Выслушав наставника, я понял, что тем молодым служителем был сам Пипус. Понимал, что любой человек, обладающий знаниями, убеждениями и сострадающий ближним, ненавистен этим чудовищам в сутанах. А значит, является их вероятной жертвой.
Оставшиеся два дня пути прошли без происшествий. По крайней мере, мне они ничем не запомнились.
Когда мы добрались до Ильмы, солнце уже садилось, а ярмарка была в разгаре. Вся широкая рыночная площадь была завалена товарами, громоздившимися где под деревянными навесами, а где и просто под открытым небом. Артисты всех направлений – от акробатов до фокусников – соперничали друг с другом, надеясь заработать лишнюю монетку. Художники предлагали купить свои работы, а ремесленники расхваливали как готовые изделия, так и инструменты своего ремесла. Торговцы семенами и орудиями земледелия спорили о ценах с оптовыми покупателями. Продавцы нарядов из тонкого шёлка и изысканных кружев утверждали, что все короли и королевы империи носят только их фасоны. Лакомства и сласти, лекарства, травы и приворотные зелья соседствовали с великим множеством предметов для отправления религиозного культа – кругами, ладанками, свечами, иконами, статуэтками Единого, чётками.
Но ясное дело, столь многолюдное торжище не могло обойтись без самого пристального внимания со стороны ловцов. «Псы» ходили по лавкам, придирчиво всматривались в полотна, выставленные на продажу, а также проверяли подлинность предметов религиозного культа. Бок о бок с монахами в серых облачениях толкались одетые в чёрное королевские мытари, собиравшие подати в казну. Деньги постоянно переходили из рук в руки, причём часть их прилипала к рукам чиновников. Тут, как и на Земле, всё решалось с помощью взятки, без которой здесь невозможно было вести какие-либо дела. Государство торговало должностями, жалованье же чиновникам платило ничтожное, открыто подталкивая к вымогательству и взяточничеству. Причём это относилось практически ко всем государственным служащим. Тюремщик, купивший свою должность, сдавал в наём заключённого на лесоповал, лесопилки и на золотые рудники, где трудились каторжники, а полученные монеты делил со стражником, который арестовал преступника, и с судьёй, который вынес ему приговор.

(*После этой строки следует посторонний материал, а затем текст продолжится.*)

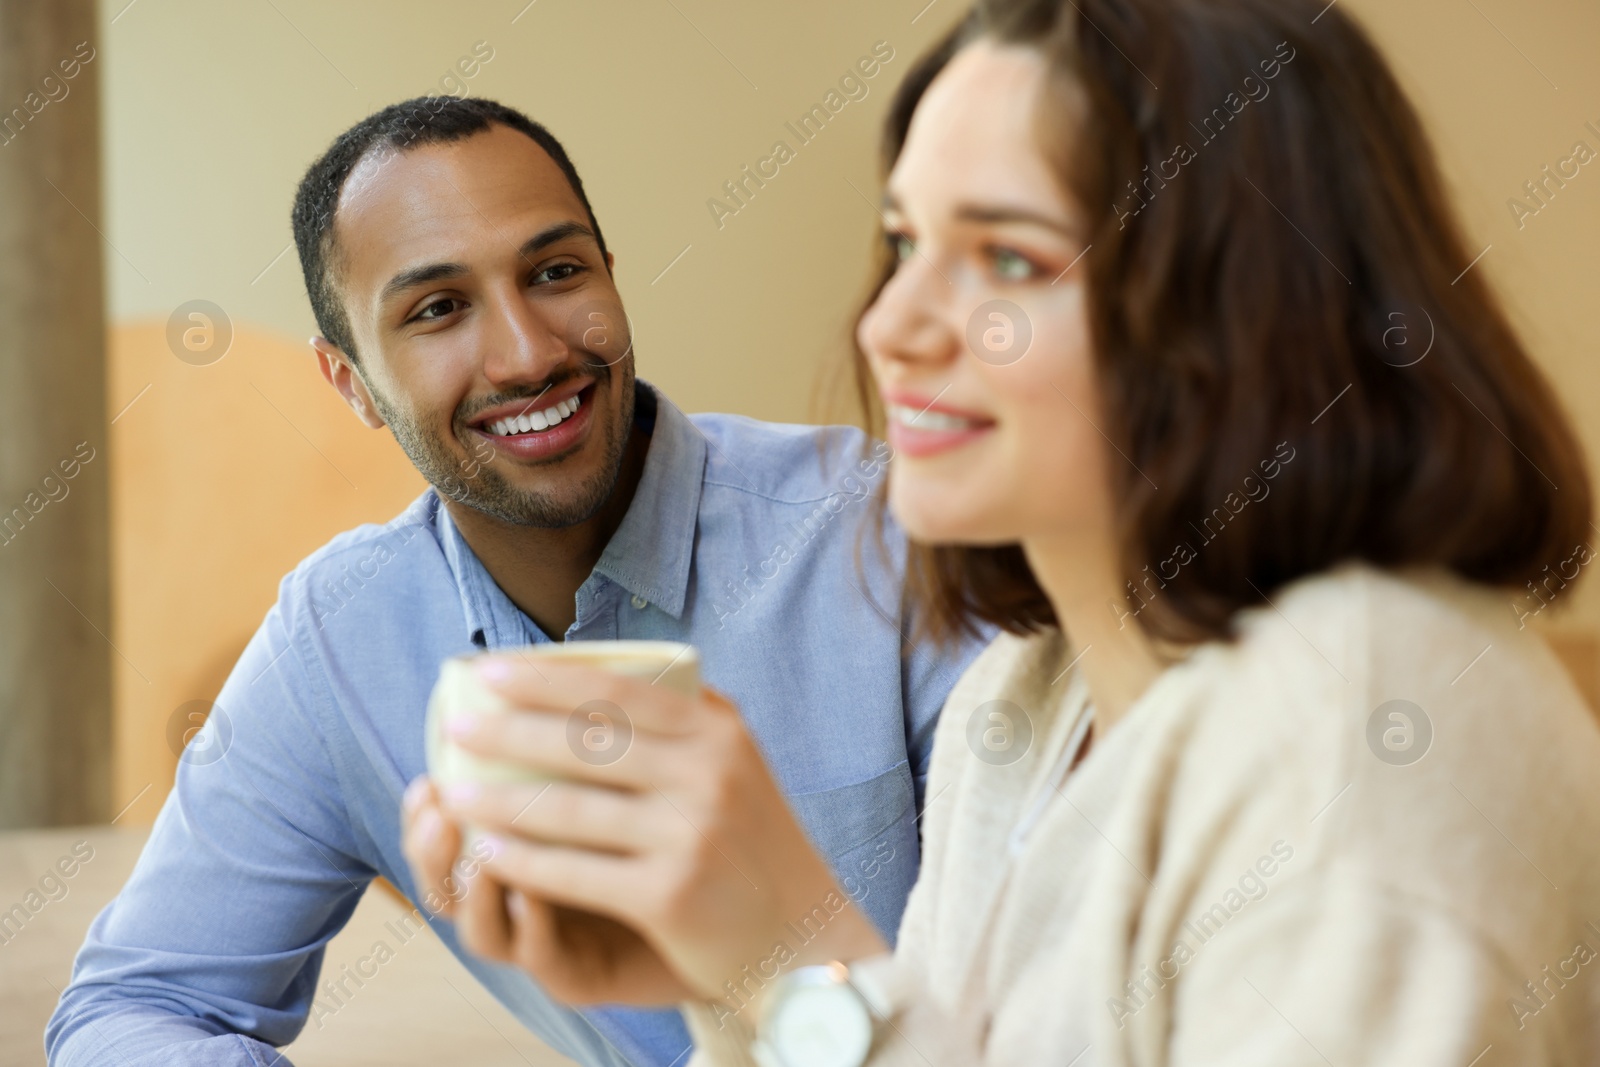 Photo of Romantic date. Happy couple spending time together in cafe

В тот вечер, оказавшись в Ильме, я настолько очаровался всем вокруг, что даже на время забыл о загадочном старике и злокозненном Корине. Впрочем, Пипус тут же напомнил мне, что, хотя Корину и старому аристократу, скорее всего, некоторое время будет не до нас, я должен постоянно держаться настороже и принимать капли, меняющие цвет глаз. Я снова спросил его:
– Наставник, да что же такого я им сделал?!
– Меньше знаешь – крепче спишь. Неведение, Амадеус, твой единственный союзник, а лишние знания могут довести до гибели.
С этими словами он стал раскладывать наш товар на арендованный стол, сколоченный совсем недавно и ещё пахнущий хвоей. Ещё было светло, и я решил прогуляться по ярмарке. Пипус не возражал, и, толкаясь в толпе, где смешались ловцы, мытари и шлюхи, щёголи и оборванцы, имперцы, эльфы и полукровки, я забрёл в уголок, который облюбовали для себя друиды.
Моё внимание привлёк страшный длинноносый и длинноволосый эльф в алой мантии, смотревшийся довольно кощунственно. Его и без того покрытую шрамами угрюмую физиономию украшали также похожие на молнии зигзаги, нанесённые кроваво-красной краской. Сидя на земле, друид встряхивал мелкие костяшки в человеческом черепе, а потом выбрасывал их на землю перед собой. По тому, как эти костяшки лягут, он делал предсказания. Подобных предсказателей хватало и на Земле. Я всегда считал их лжецами и шарлатанами.
Какой-то эльф попросил друида предсказать дальнейшую судьбу его отца, с которым произошёл несчастный случай.
– По пути сюда мой отец поскользнулся на горной тропке и упал. Теперь он не встаёт, лежит и стонет от боли, отказывается от еды.
Друид с непроницаемым лицом осведомился о его имени, а потом взял полученную от просителя монету, потряс костяшки в черепе, а когда они легли на землю неровным кругом, заявил, что это очертания могилы, а стало быть, больной вскоре умрёт.